Work instruction: Transcribe the listing verbatim. Do not carry over any pictures.

Data below:
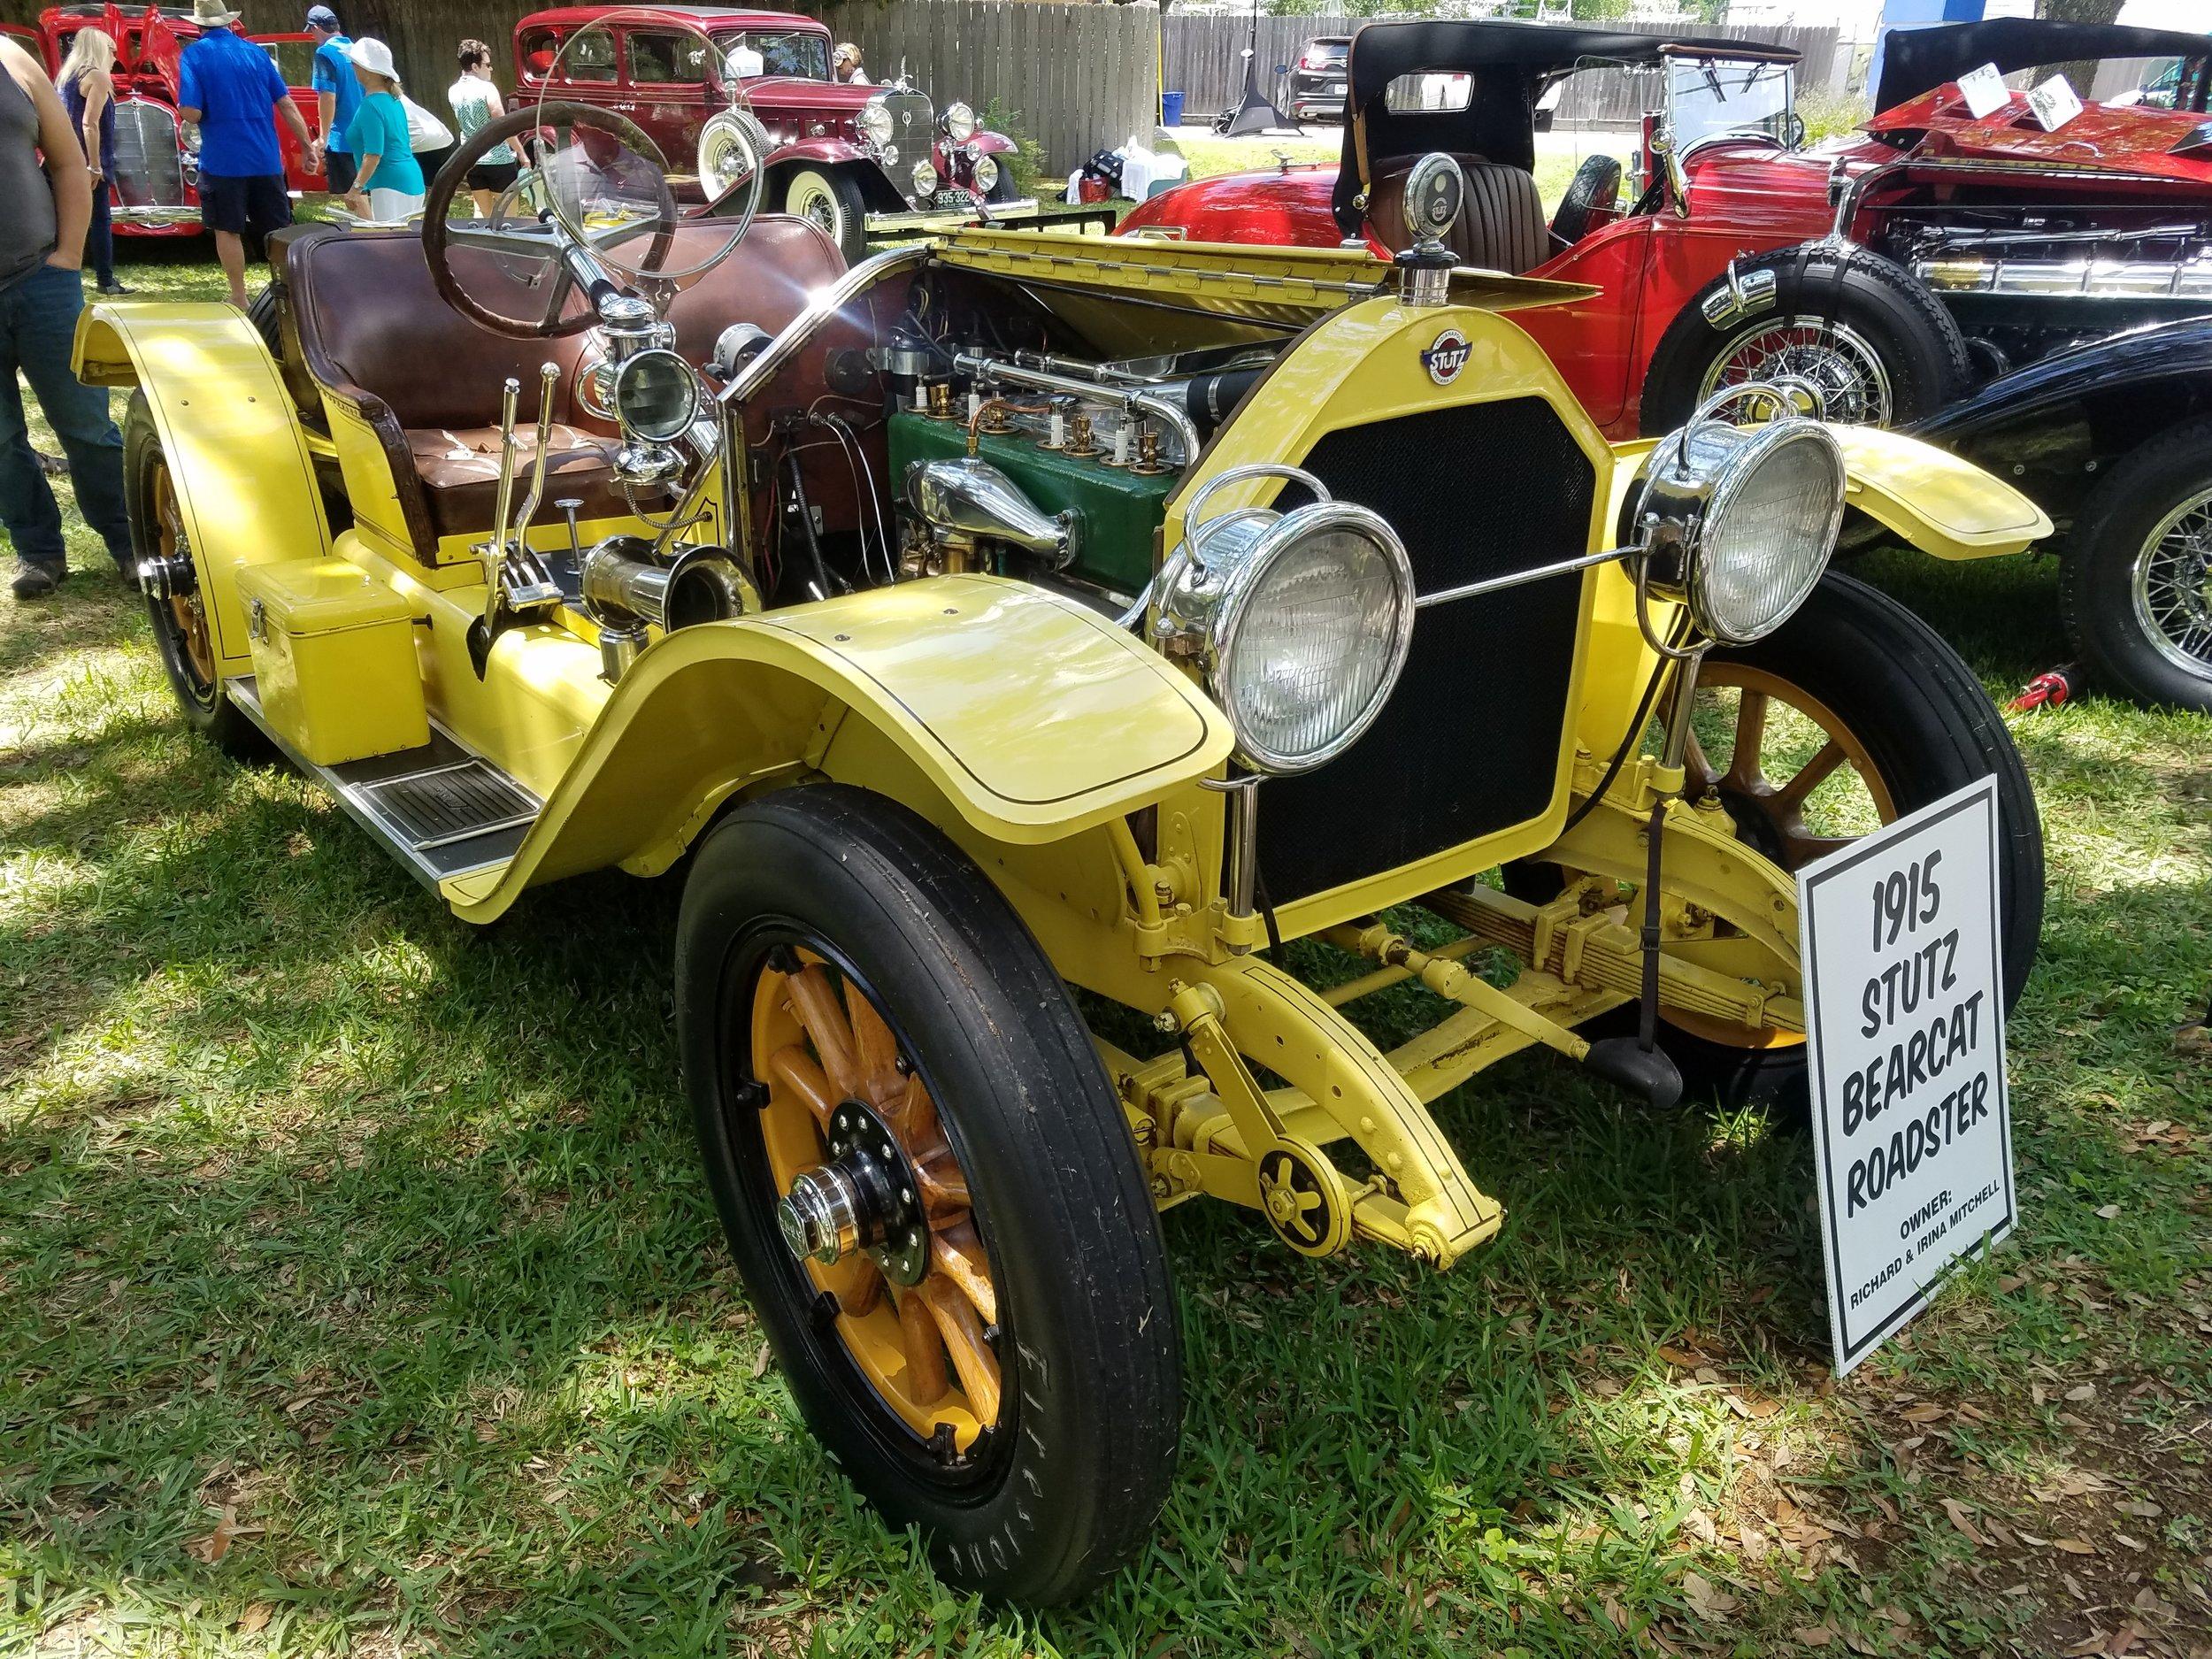 1915 Stutz Bearcat Roadster
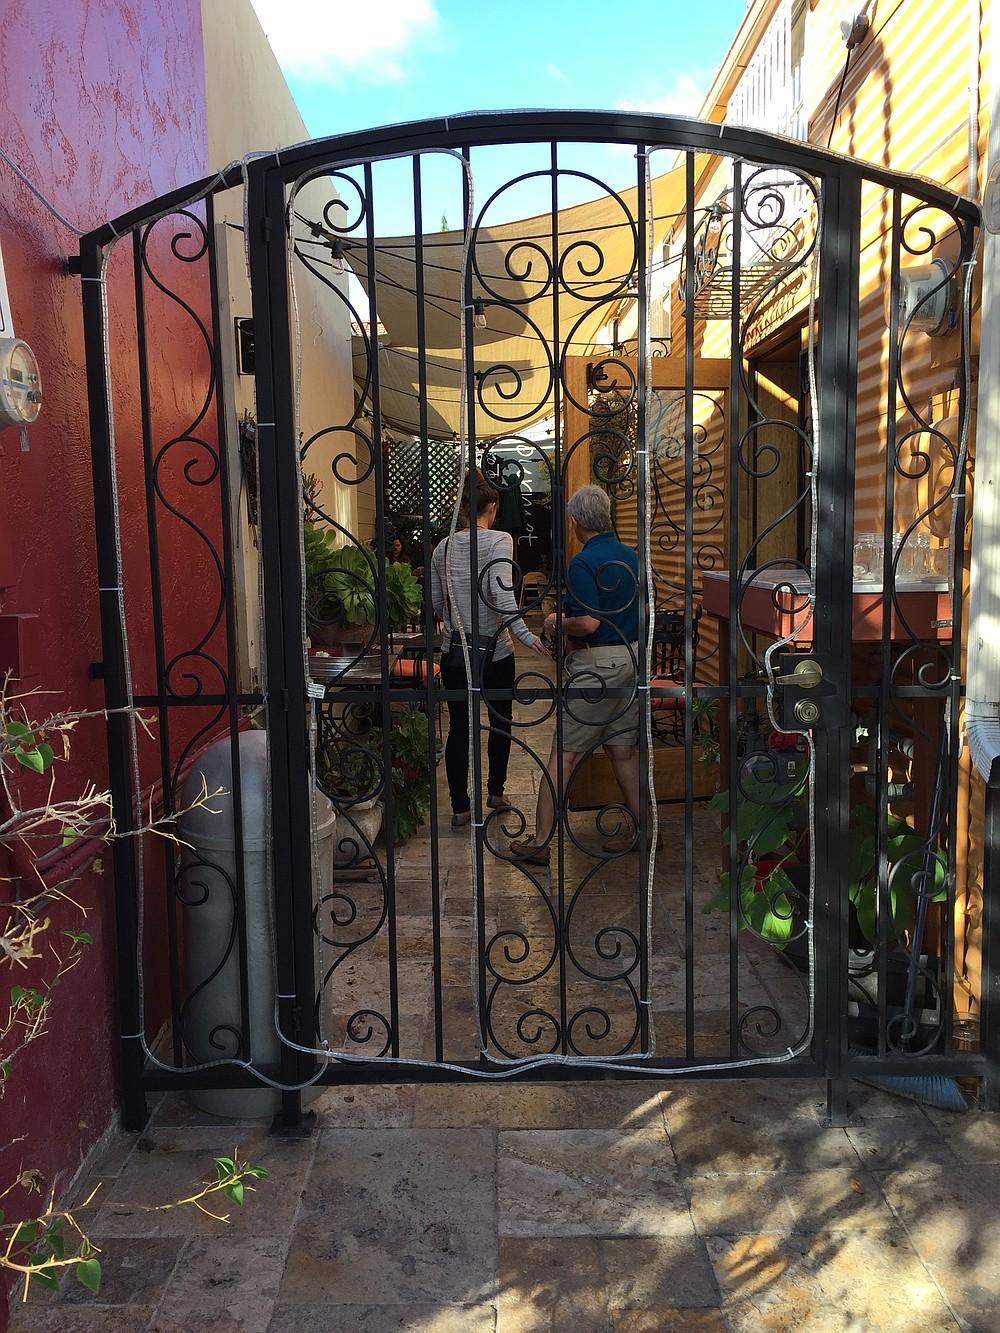 A side patio for those who wish to dine al fresco
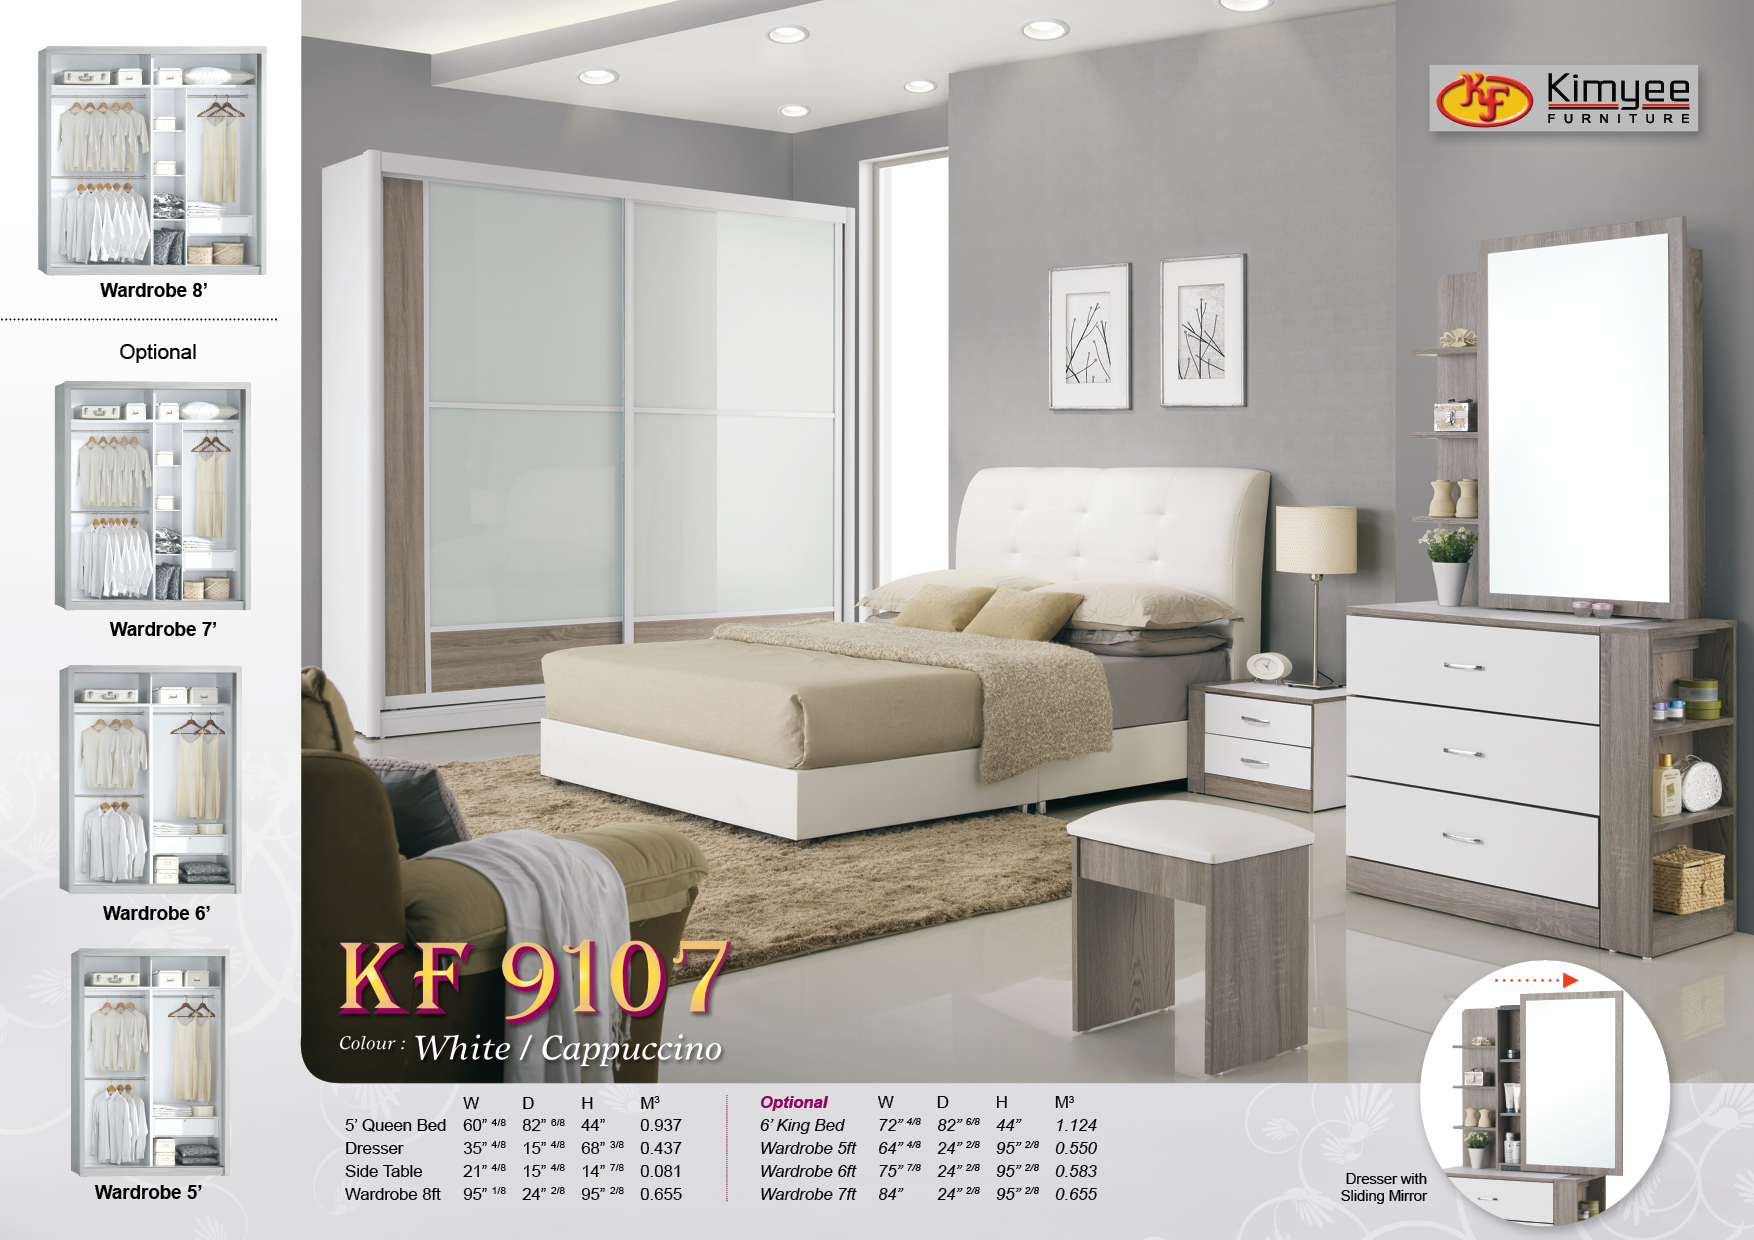 KF9107

Answer space:
 1915 Stutz Bearcat Roadster
 A side patio for those who wish to dine al fresco
 KF9107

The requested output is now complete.